# Literature-Assisted Calibration

- **Goal:** Convert extracted literature facts into parameter suggestions for manual review.
- **Data:** First entry from `reference/goldset/index.json`.
- **Targets:** Preserve extraction quality thresholds (`fact_accuracy ≥ 0.95`, `table_row_recall ≥ 0.9`).


## Steps

1. Run the extraction pipeline on a gold-set PDF.
2. Evaluate the output against the annotated fixture.
3. Generate parameter suggestions using the literature action mapper.
4. Feed accepted suggestions through the analyst console or API for application.


In [None]:
import json
from pathlib import Path

from mcp_bridge.literature.actions import LiteratureActionMapper
from mcp_bridge.literature.evaluation import evaluate, load_fixture
from mcp_bridge.literature.extractors import (
    HeuristicTextExtractor,
    PdfExtractKitLayoutExtractor,
    SimpleFigureExtractor,
    SimpleTableExtractor,
)
from mcp_bridge.literature.pipeline import LiteratureIngestionPipeline, PipelineDependencies

goldset_root = Path("reference/goldset")
manifest = json.loads((goldset_root / "index.json").read_text(encoding="utf-8"))
entry = manifest["entries"][0]
pdf_path = goldset_root / entry["pdf"]
annotation_path = goldset_root / entry["annotation"]

pipeline = LiteratureIngestionPipeline(
    PipelineDependencies(
        layout_extractor=PdfExtractKitLayoutExtractor(),
        text_extractor=HeuristicTextExtractor(),
        table_extractor=SimpleTableExtractor(),
        figure_extractor=SimpleFigureExtractor(),
    )
)

extraction = pipeline.run(str(pdf_path), source_id=entry["sourceId"])
fixture = load_fixture(annotation_path)
report = evaluate(extraction, fixture)
print(f"fact_accuracy={report.fact_accuracy:.3f}, table_row_recall={report.table_row_recall:.3f}")
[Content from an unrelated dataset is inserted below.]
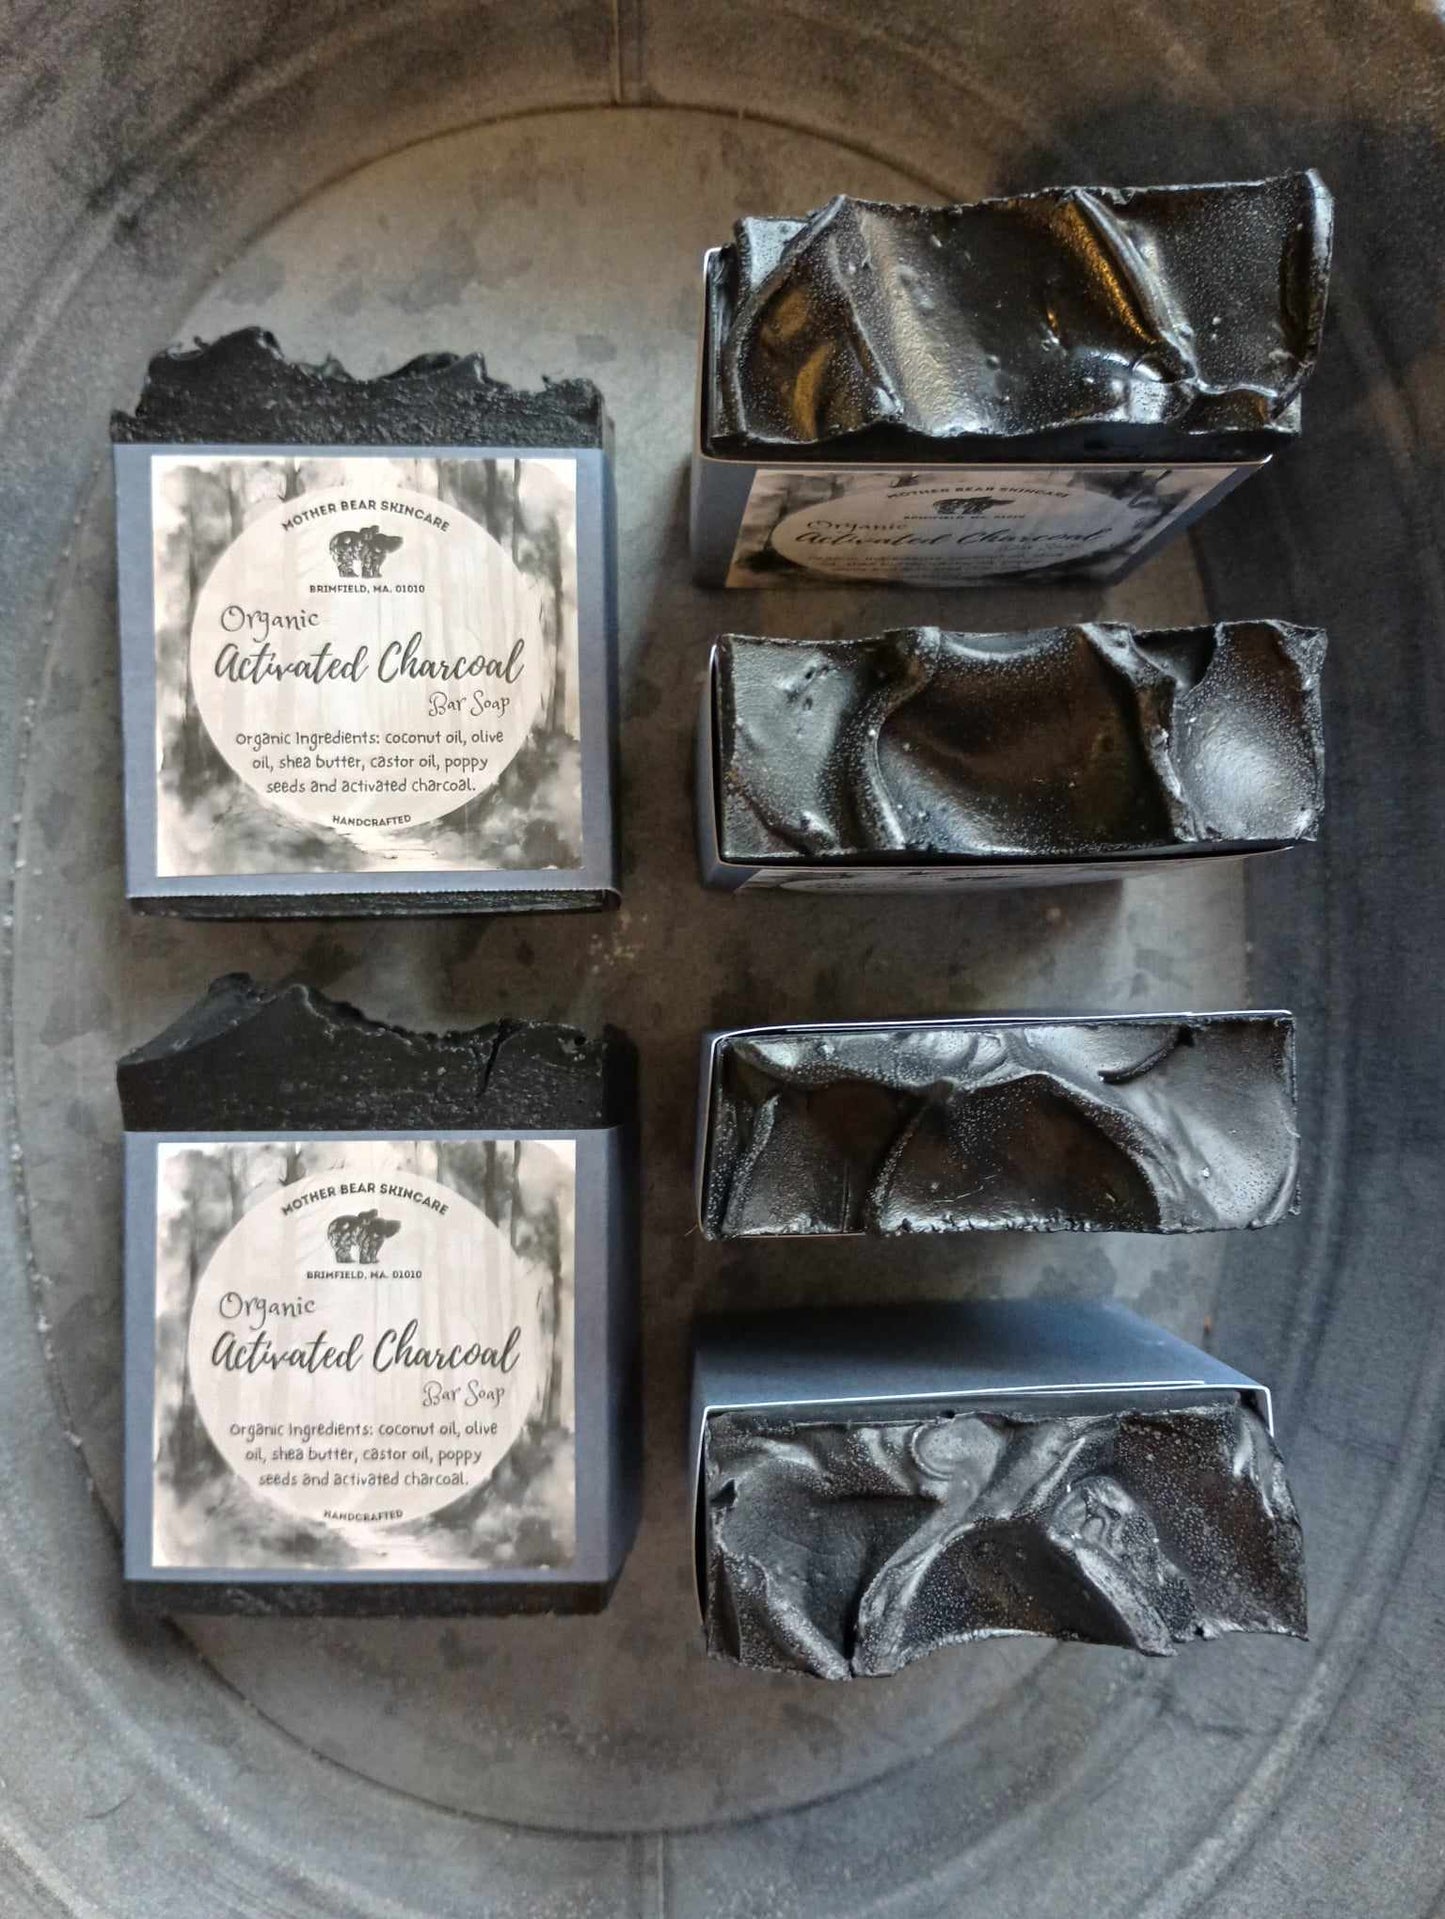 Organic Activated Charcoal Bar Soap

mapper = LiteratureActionMapper(simulation_id="usecase-calibration")
suggestions = mapper.map_actions(extraction)
print(f"Generated {len(suggestions)} parameter suggestions")
for suggestion in suggestions[:5]:
    print(f"- {suggestion.tool_name}: {suggestion.summary}")


## Reference Metrics

The gold-set evaluation harness enforces `fact_accuracy ≥ 0.95` and
`table_row_recall ≥ 0.9`. If the printed values fall below those thresholds,
investigate extraction regressions before applying calibration suggestions.